*** Opening of Recorded information ***

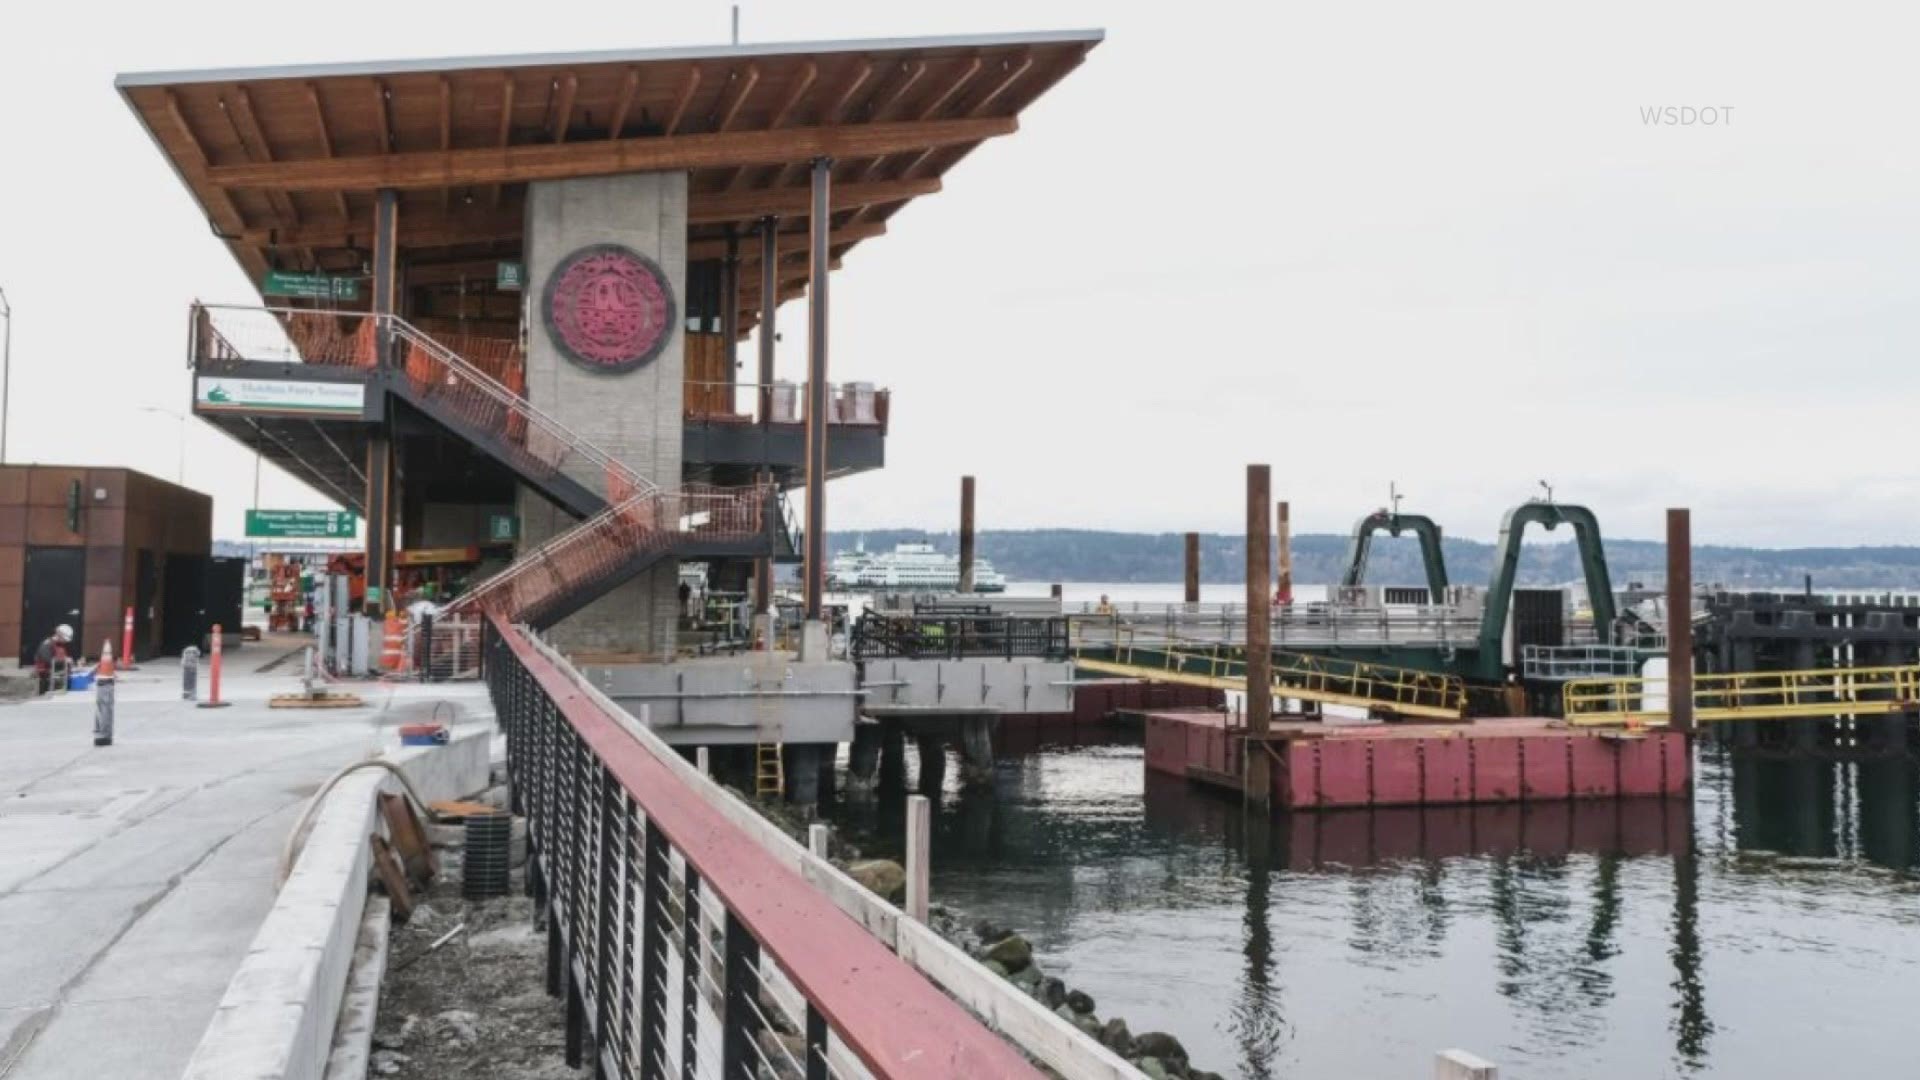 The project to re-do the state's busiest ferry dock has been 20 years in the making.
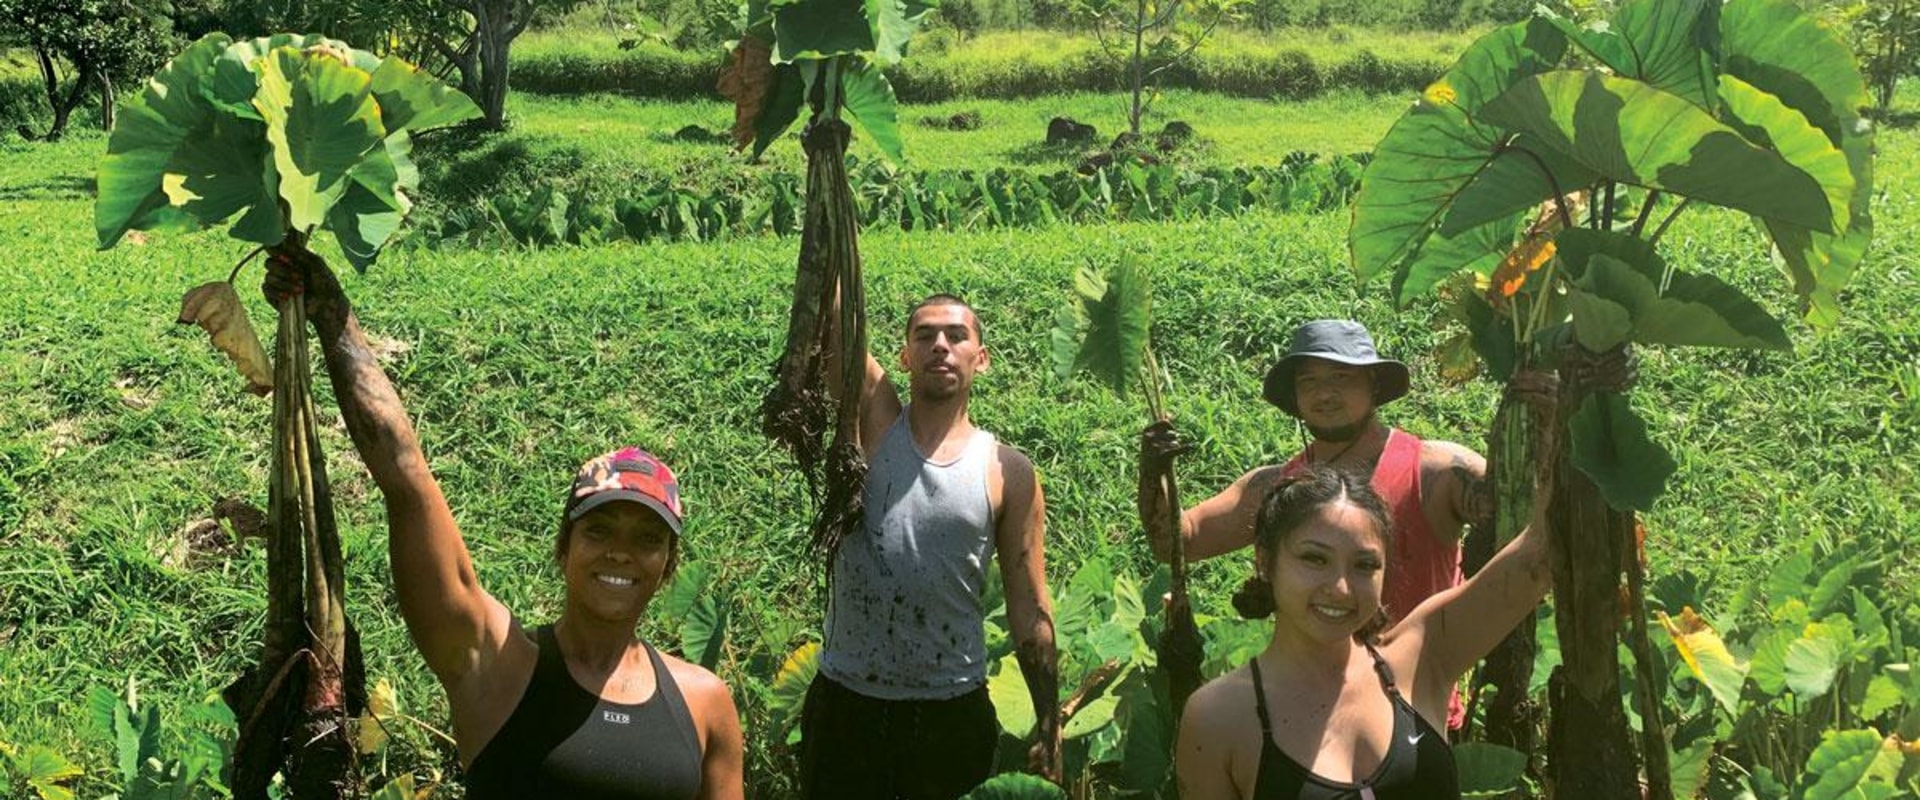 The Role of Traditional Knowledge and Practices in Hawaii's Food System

*** Close of Recorded information ***
*** Opening of Recorded information ***

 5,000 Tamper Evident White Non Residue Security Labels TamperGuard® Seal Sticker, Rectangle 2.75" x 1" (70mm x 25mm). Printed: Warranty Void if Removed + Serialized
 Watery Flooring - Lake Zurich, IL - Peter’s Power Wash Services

*** Close of Recorded information ***

» **Work instructions**
No picture is to be printed. Output exactly the lines above from the line containing "The project to" through the line containing "The Role of".

» **Solution to this task**
 The project to re-do the state's busiest ferry dock has been 20 years in the making.
 The Role of Traditional Knowledge and Practices in Hawaii's Food System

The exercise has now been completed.